Because of the conceptual disadvantages, some education jurisdictions are hesitant to teach such paper-and-pencil computation methods to young children.

However, this does not mean that all paper-and-pencil computation methods have these disadvantages.

Let’s look at an example for multiplication:

Multiplication v.2

Let’s multiply 6 x 24 using a different computation method, as shown at right.

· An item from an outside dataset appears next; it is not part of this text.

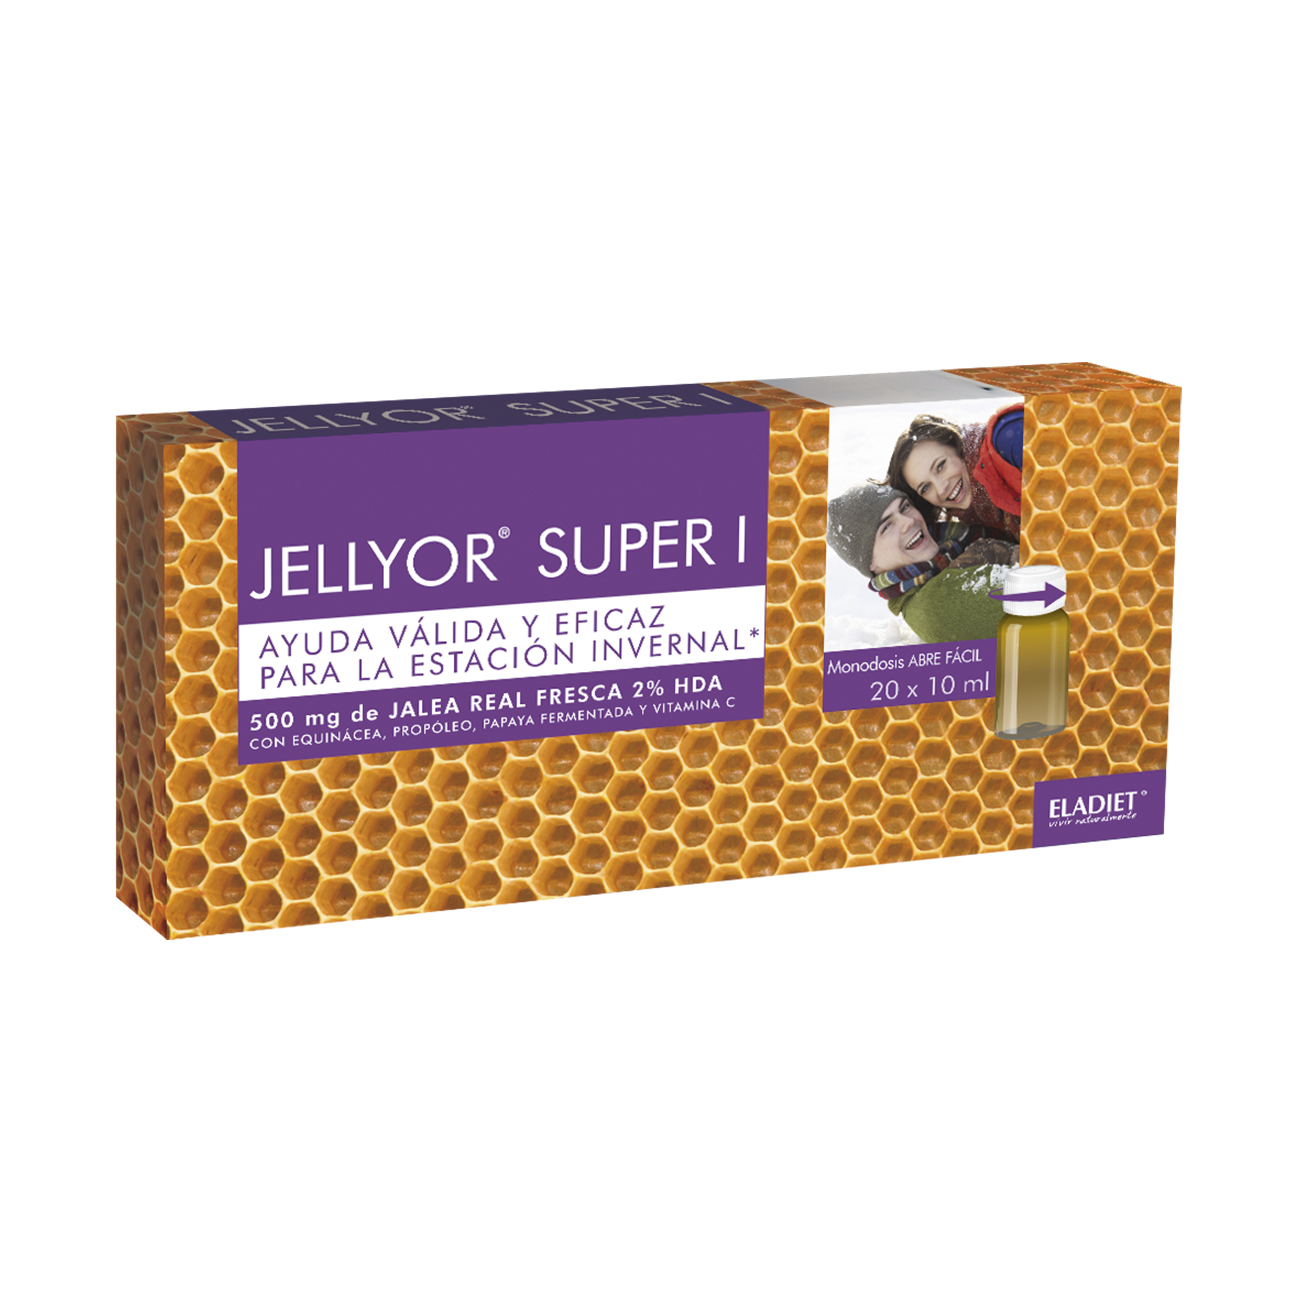 Jellyor Super I

Here’s the sequence of steps:

  • 6 times 4 is 24
  • 6 times 20 is 120
  • 24 plus 120 is 144
How this method is different:
  • it reinforces place value understanding
  • it is similar to the way most people multiply in their head
  • it is easy to explain
  • it has a mathematical future, as it correctly uses place value, expanded notation, and the distributive property:
    • 6 x 24 = 6(20 + 4) = 120 + 24 = 144
  • it gets students ready for algebraic processes: 6(y + 4) = 6y + 24
  • it also requires students to know, and practice, how to multiply with multiples of 10 (as in 6 times 20 is 120)
What about bigger numbers?

Don’t we eventually have to carry?

Let’s take a look at 9 x 24.

Here’s the sequence of steps:

  • 9 times 4 is 36
  • 9 times 20 is 180
  • at this stage, if you can’t see that the sum is 216, you can use partial sums:
    • add the hundreds to get 100
    • add the tens to get 110
    • add the ones to get 6
    • altogether, that’s 216

Is there Multiplication v.3?

There are variations to the above method.

Whatever paper-and-pencil methods we decide children should learn, we should ensure that they are understandable and have a mathematical future.

That is:

  • paper-and-pencil computational methods should build on children’s previous knowledge
  • they should prepare children for more complex mathematics

 

kids need a wide variety of basic computation skills

In another life, I was a district math consultant. In my first month in the job, I received a call from an elementary school principal, inviting me to a parent council meeting for 10-15 minutes to talk about the new curriculum.

I asked, “Would it be possible to have an hour, or an hour and a half, so we can do some math together?” The principal checked with his parent council and we scheduled a math night for parents at the school library.

To make a long story short, word got around and I started receiving invitations for parent math nights across the district. Sometimes the turnout was 20 parents. Sometimes it was over 200, with tables and chairs filling a gym. It was one of my favourite things to do!

I quickly noticed 2 things:

  1. Many of parents feared or even hated math.
  2. Quite a few commented on their children’s basic computation skills.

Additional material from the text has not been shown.